PROBLEM DESCRIPTION
Everything from the line holding "Playboy bilder plankl joana Joana Plankl" through the last line of the data, and nothing else, should be retyped exactly, with no pictures.

DATASET CONTENT
==*==

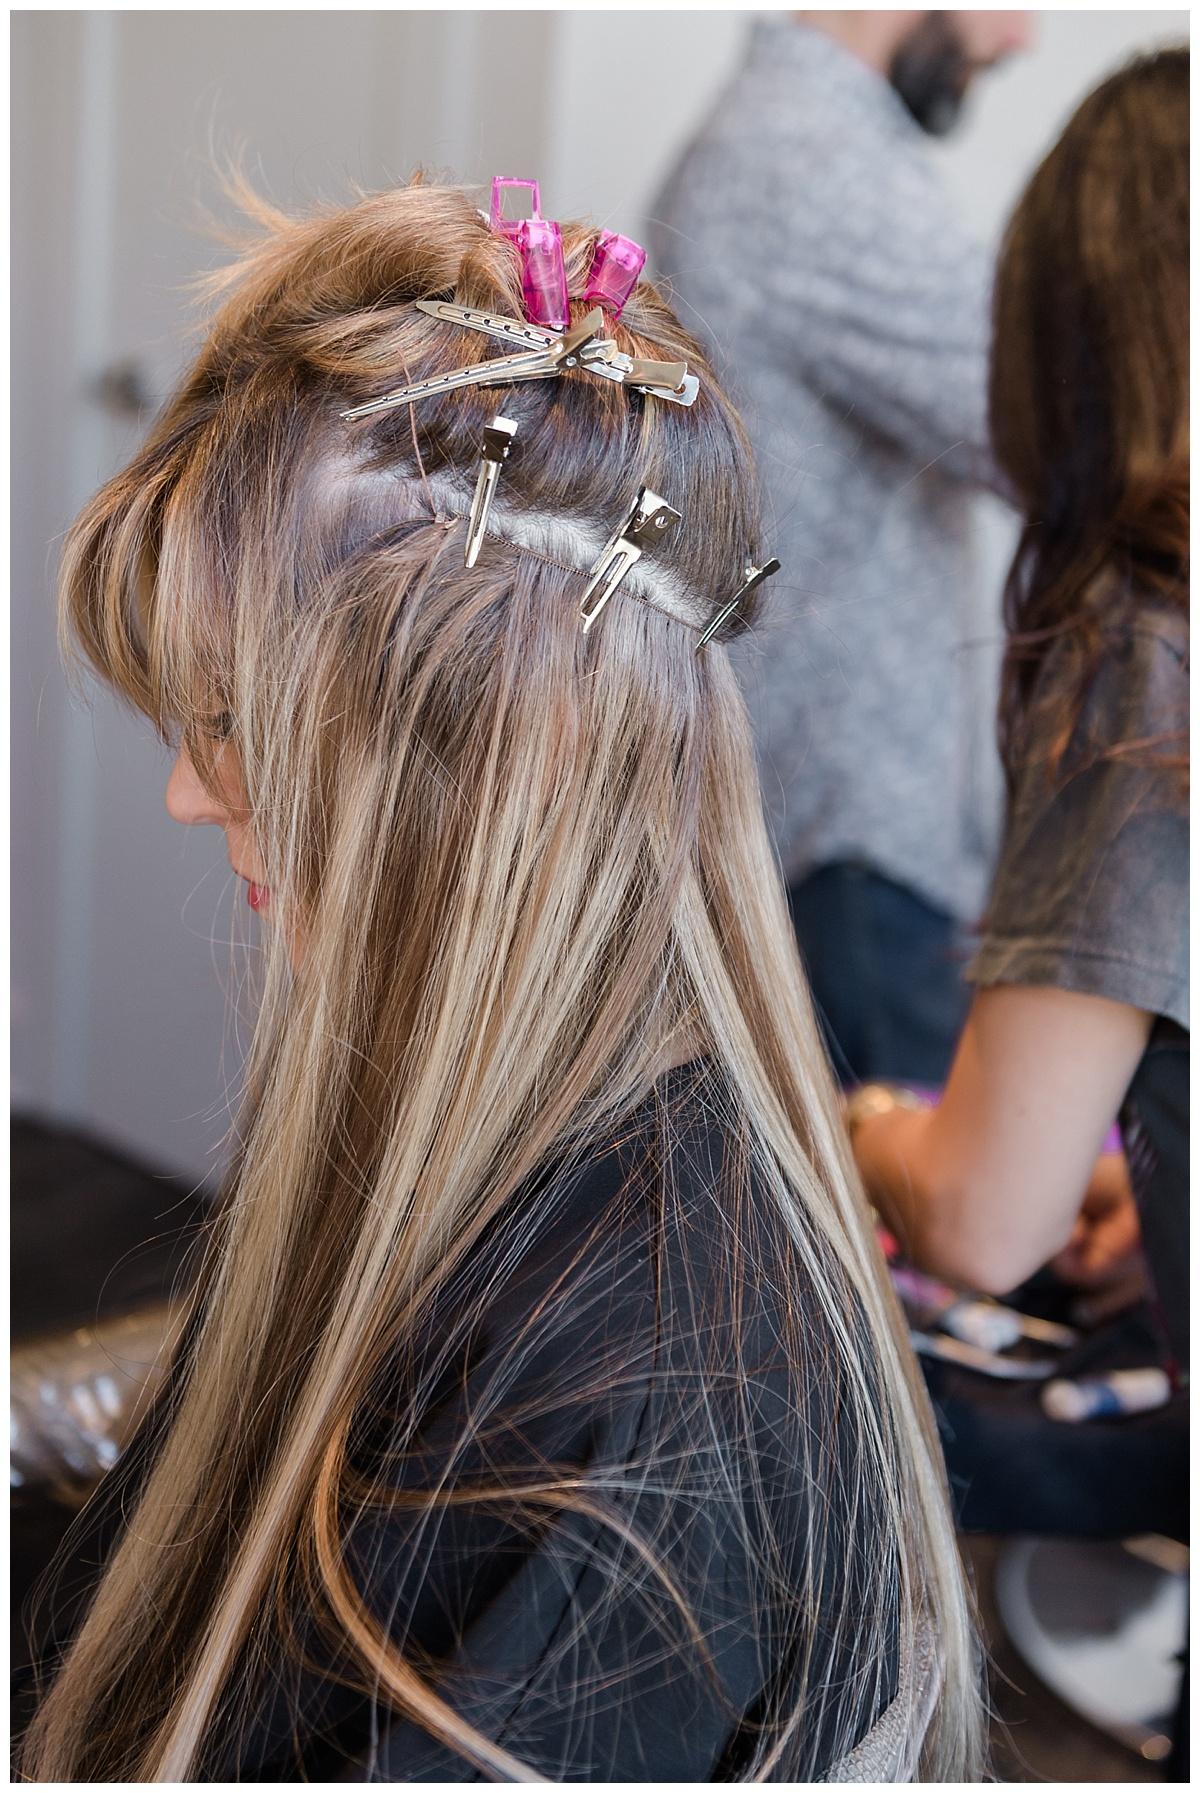 NBD-Hair Extensions_0765.jpg
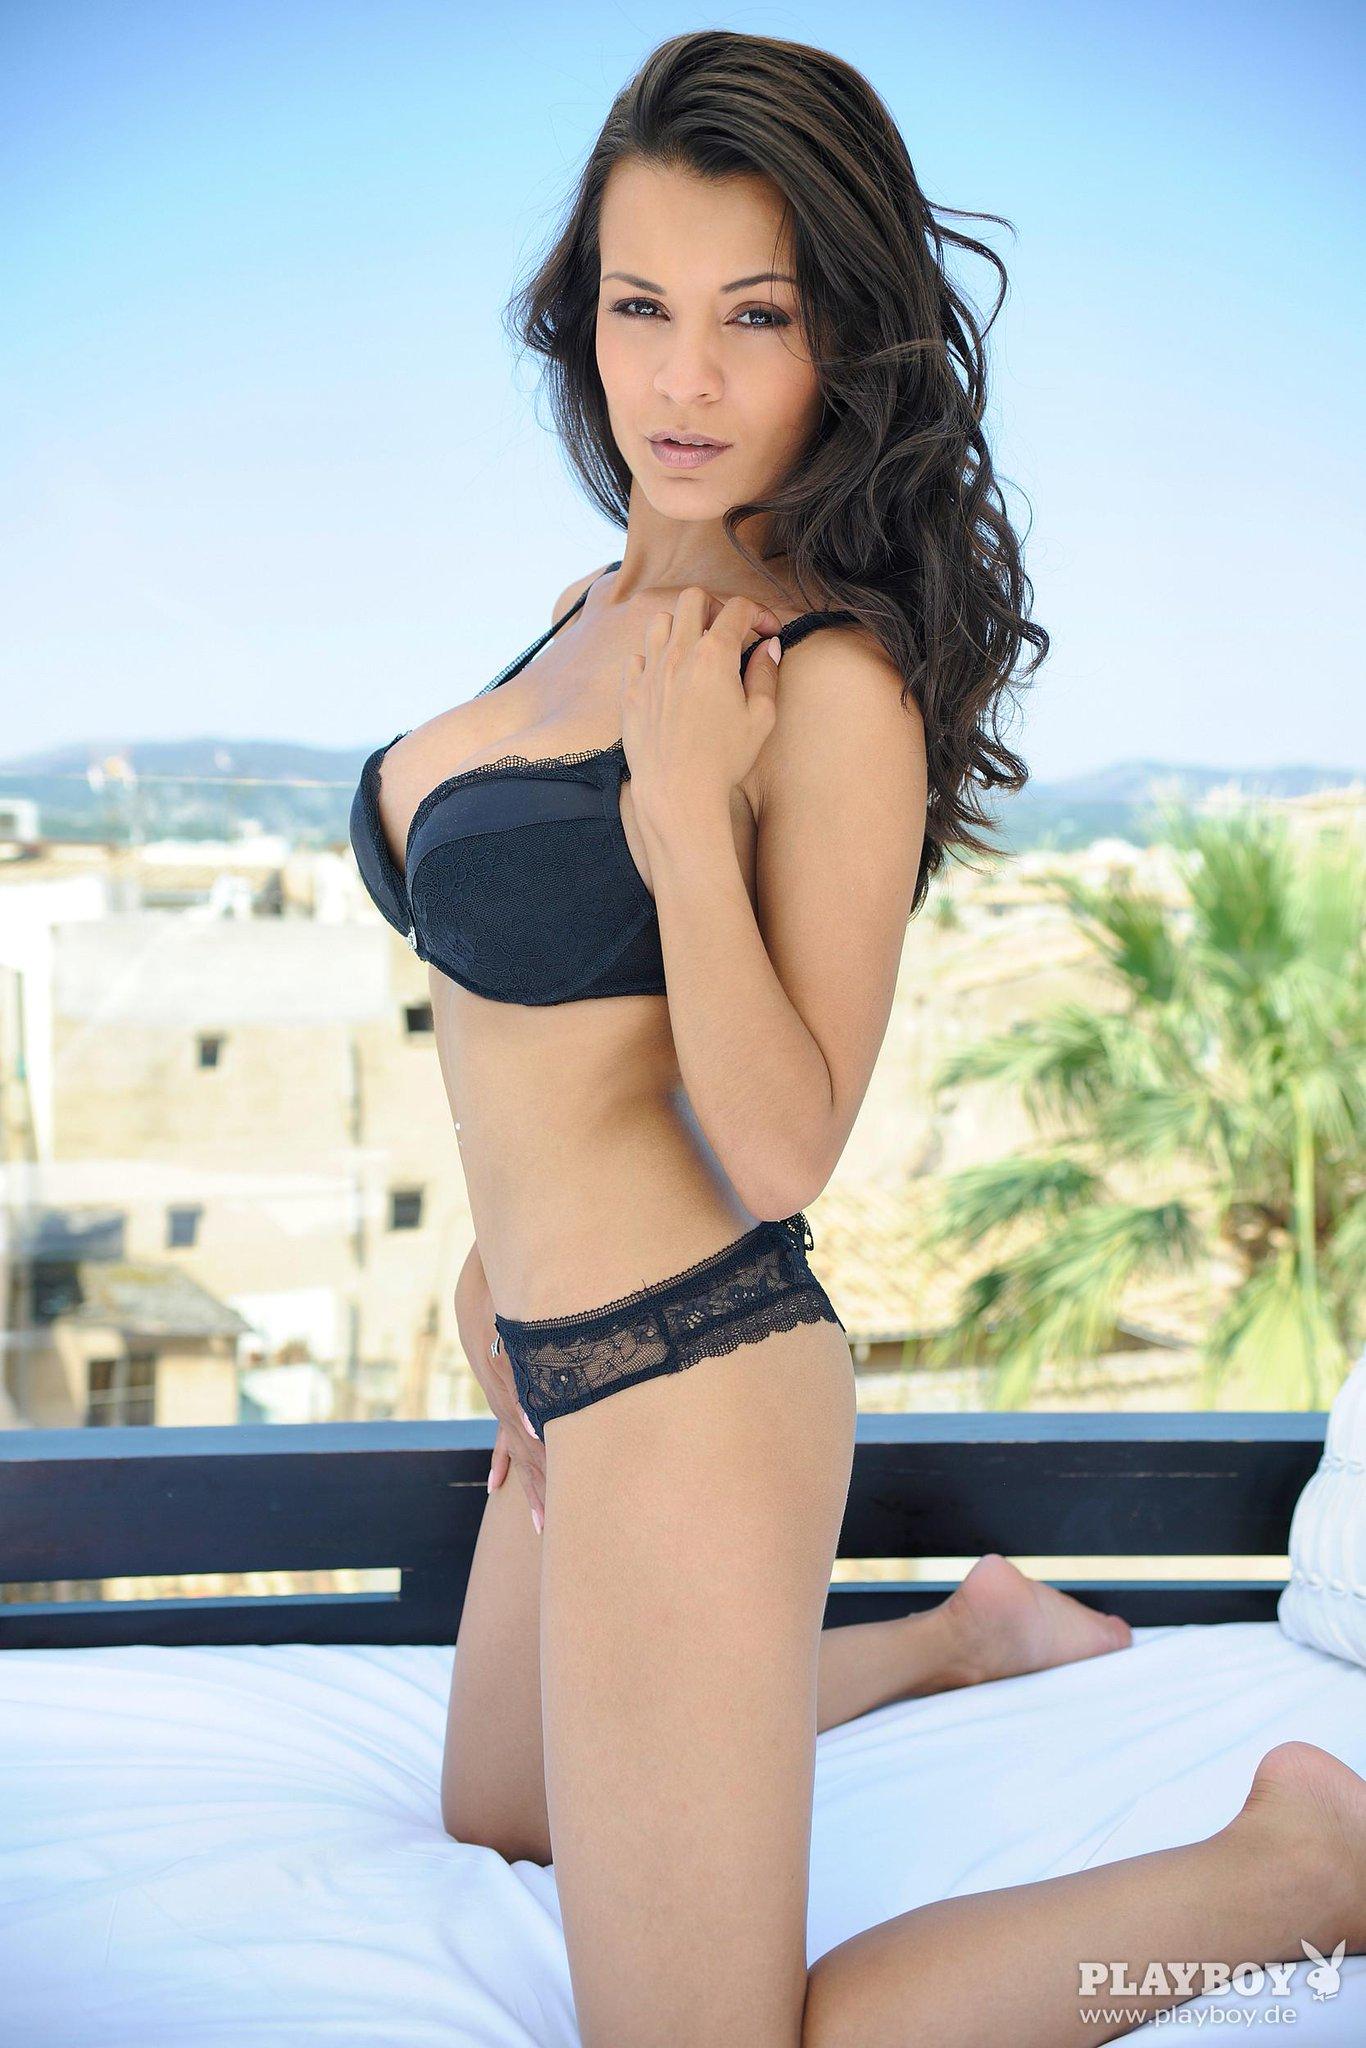 Playboy bilder plankl joana Joana Plankl
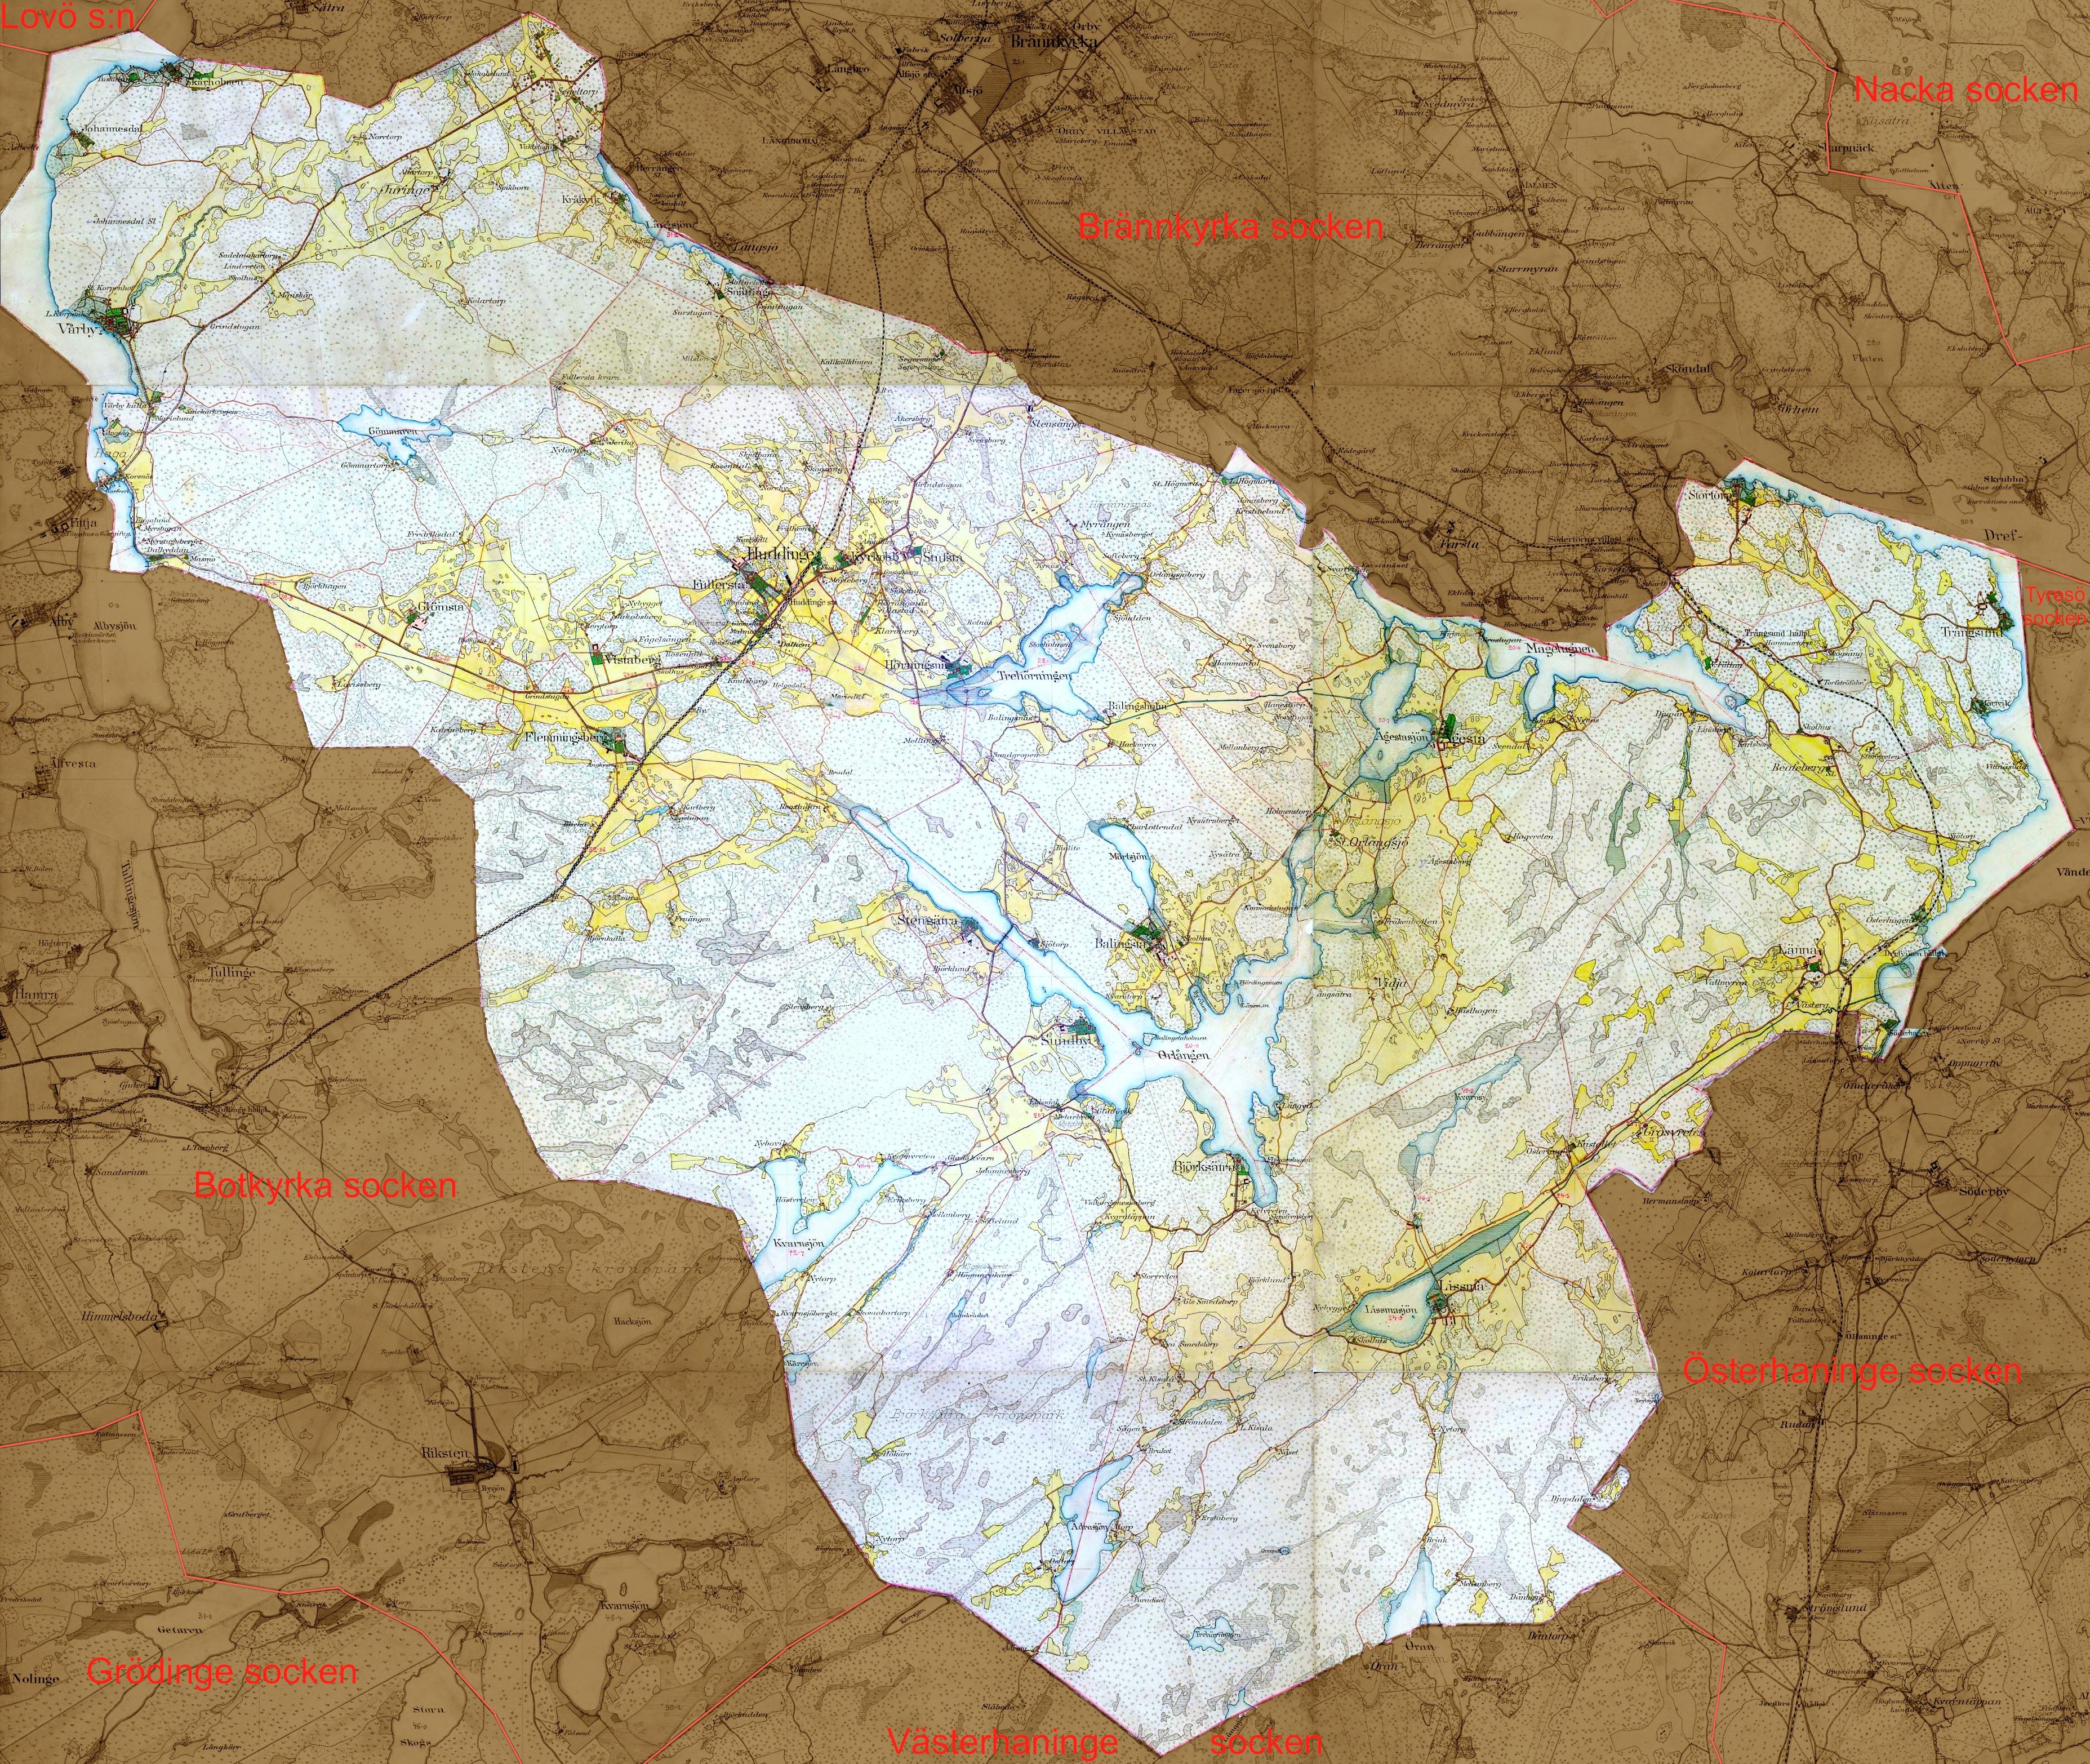 huddinge karta File:Huddinge sockenkarta1901 1906.   Wikimedia Commons huddinge karta

==*==

ANSWER BELOW
 Playboy bilder plankl joana Joana Plankl
 huddinge karta File:Huddinge sockenkarta1901 1906.   Wikimedia Commons huddinge karta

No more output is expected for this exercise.